**SUPPLIED RECORDS:**
___

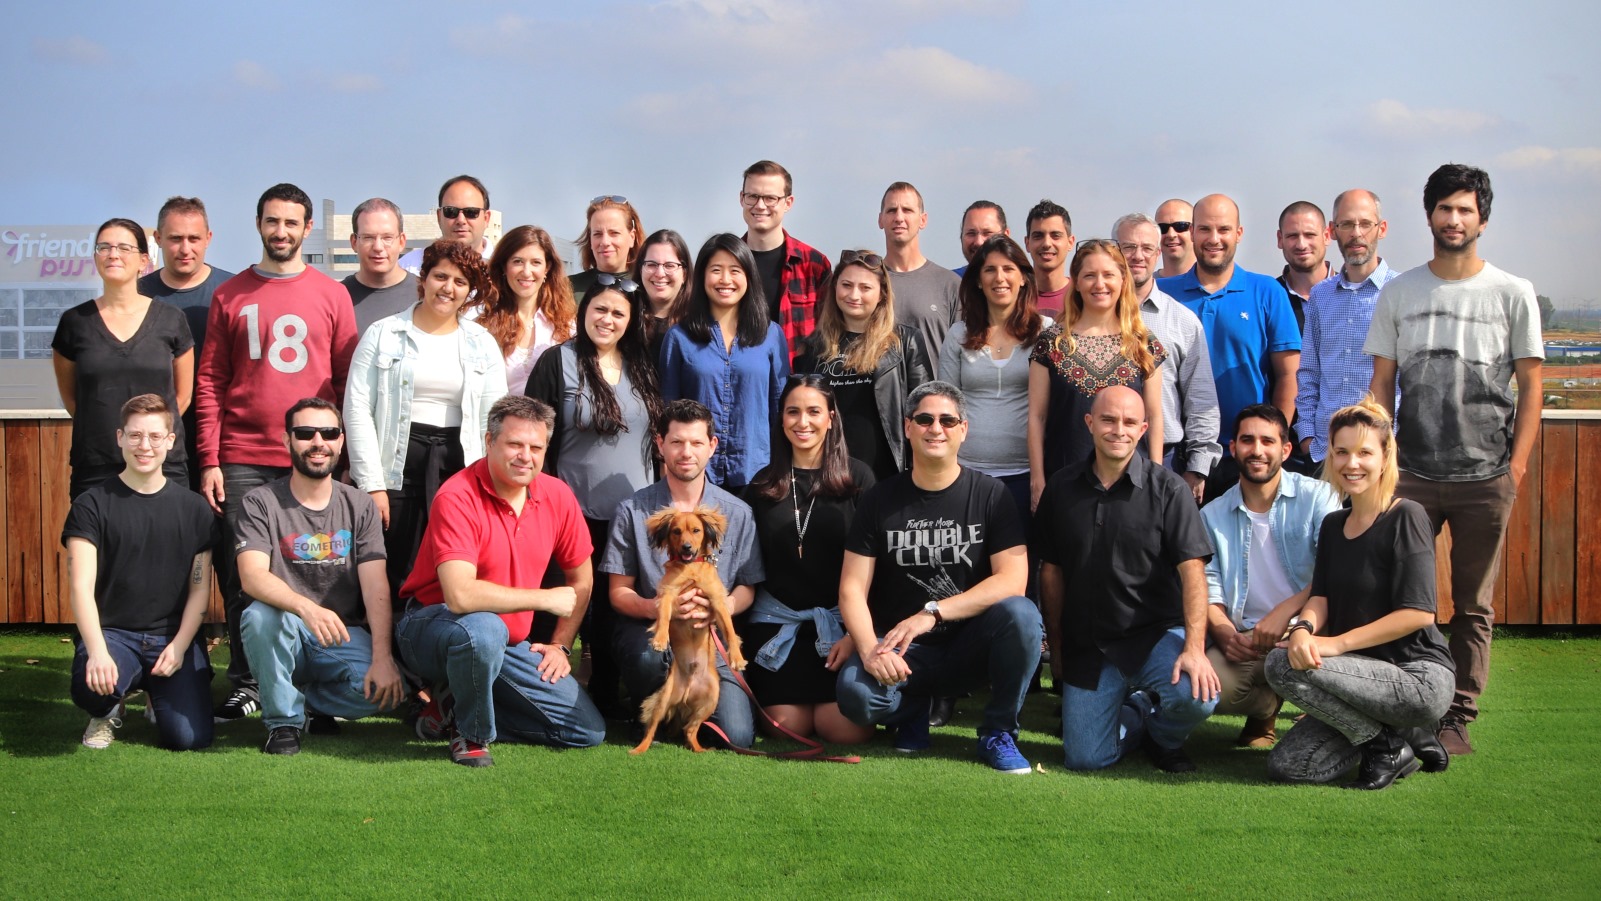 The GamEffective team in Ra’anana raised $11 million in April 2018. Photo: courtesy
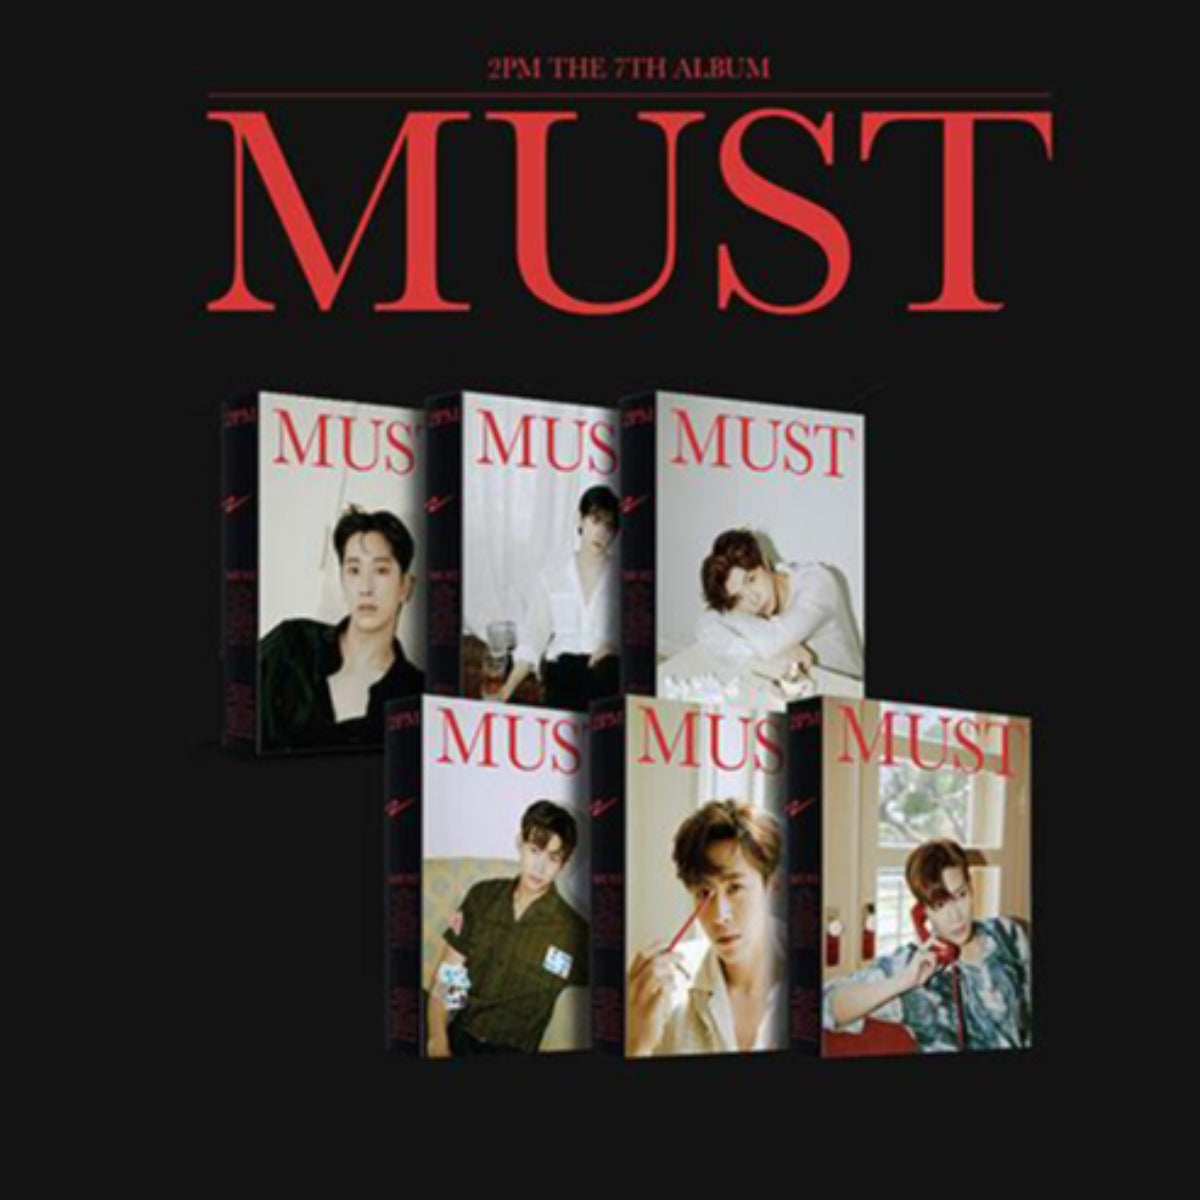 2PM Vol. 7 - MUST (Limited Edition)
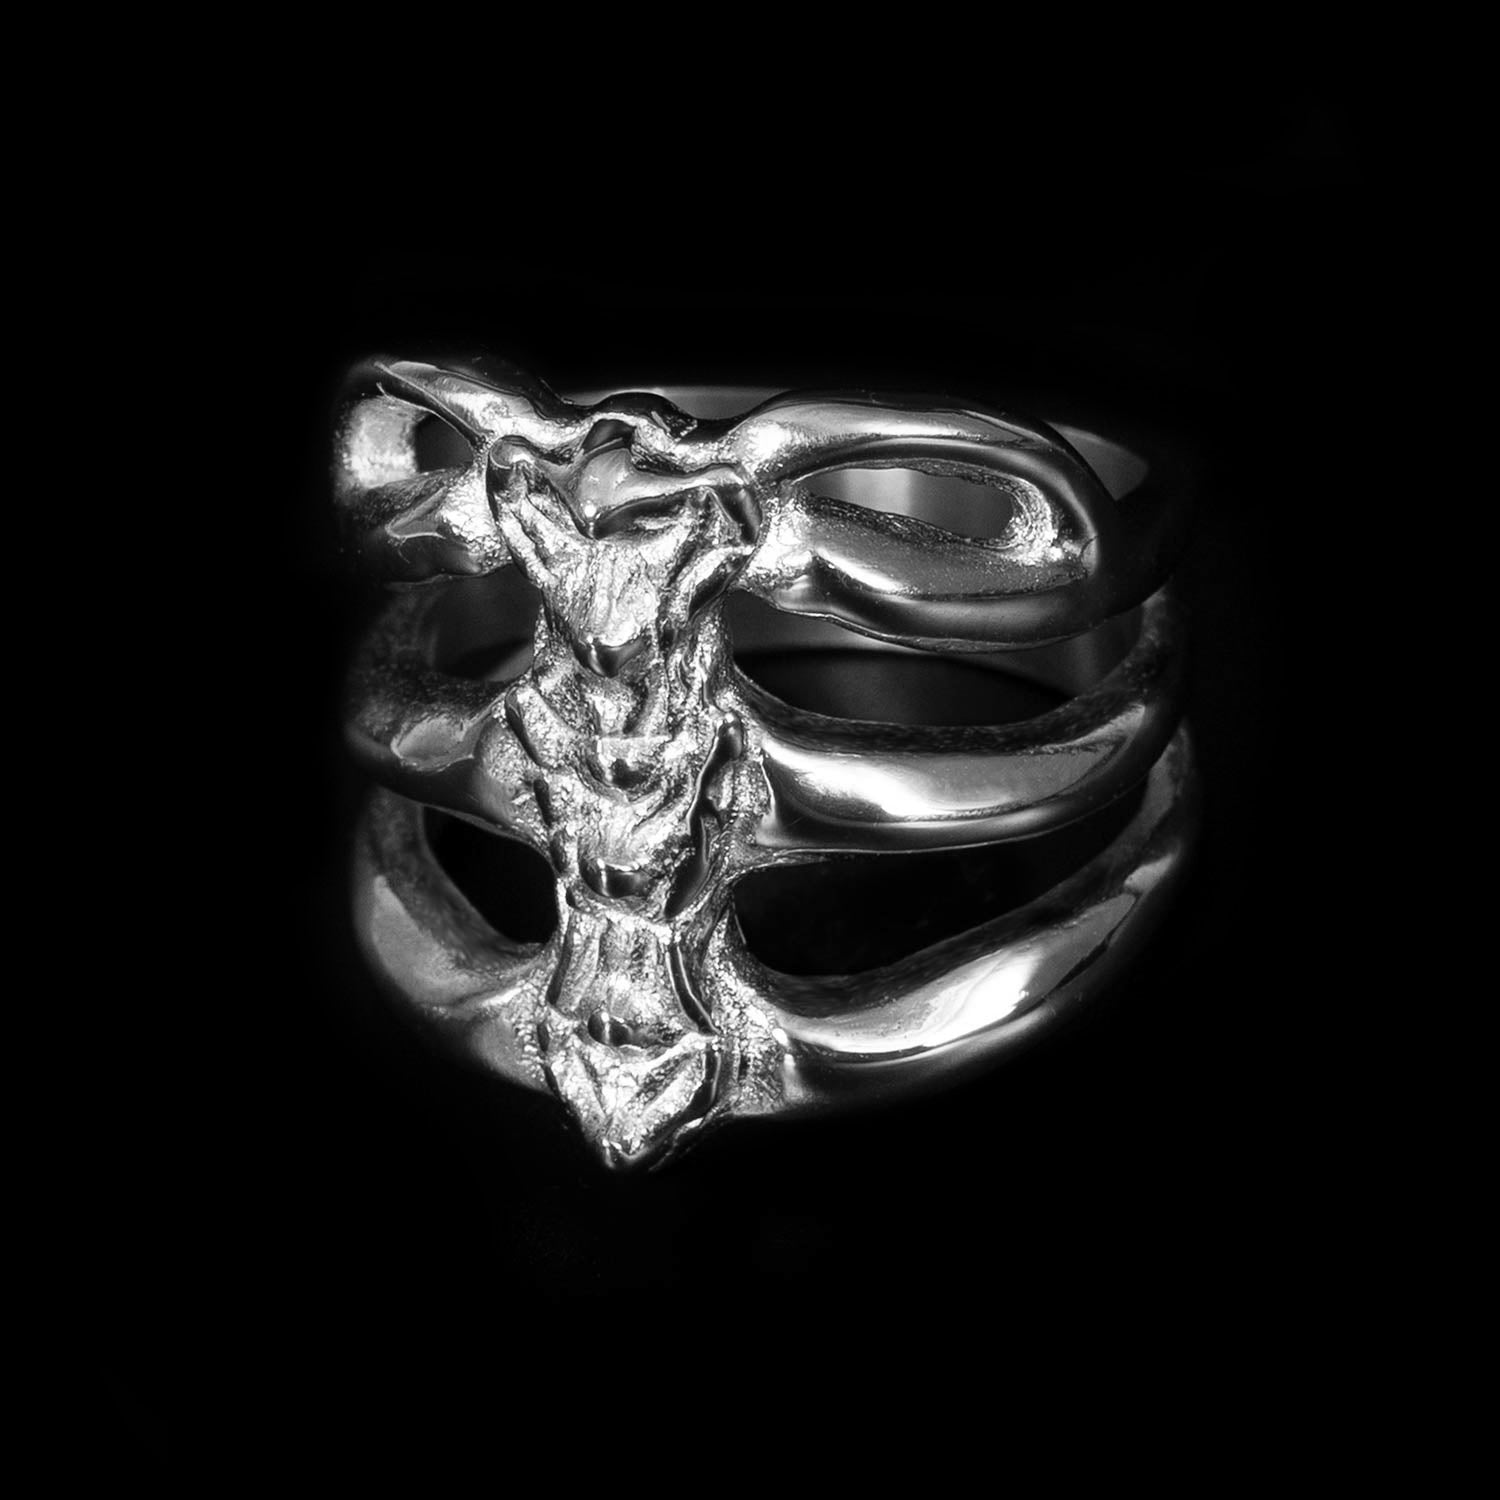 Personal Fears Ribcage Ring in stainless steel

___

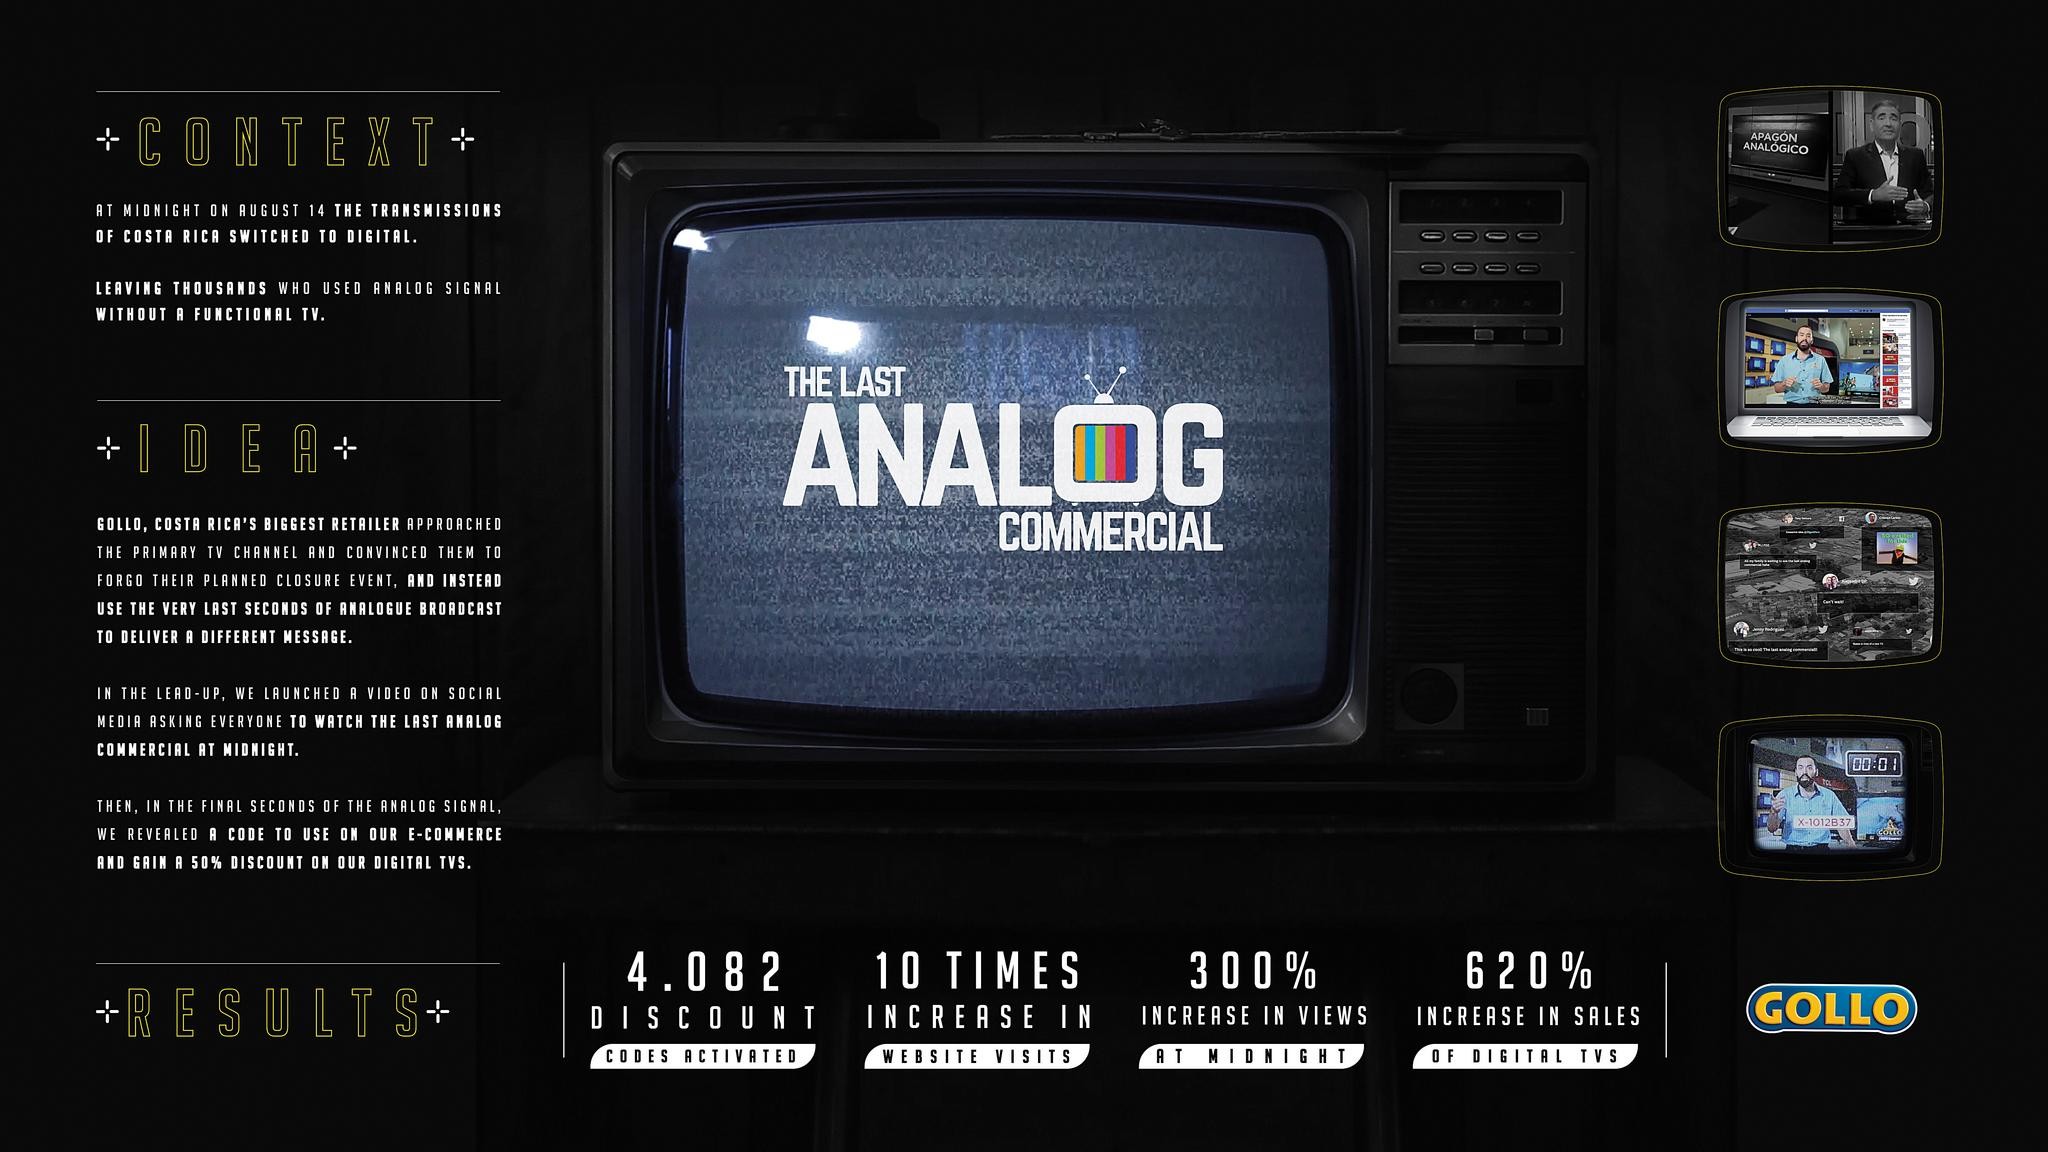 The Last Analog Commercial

___

**WHAT IS NEEDED:** Write out the lines above from the one with "The GamEffective team" through the one with "Personal Fears Ribcage", ends included, exactly; no picture goes in.

**SOLVED EXERCISE:**
 The GamEffective team in Ra’anana raised $11 million in April 2018. Photo: courtesy
 2PM Vol. 7 - MUST (Limited Edition)
 Personal Fears Ribcage Ring in stainless steel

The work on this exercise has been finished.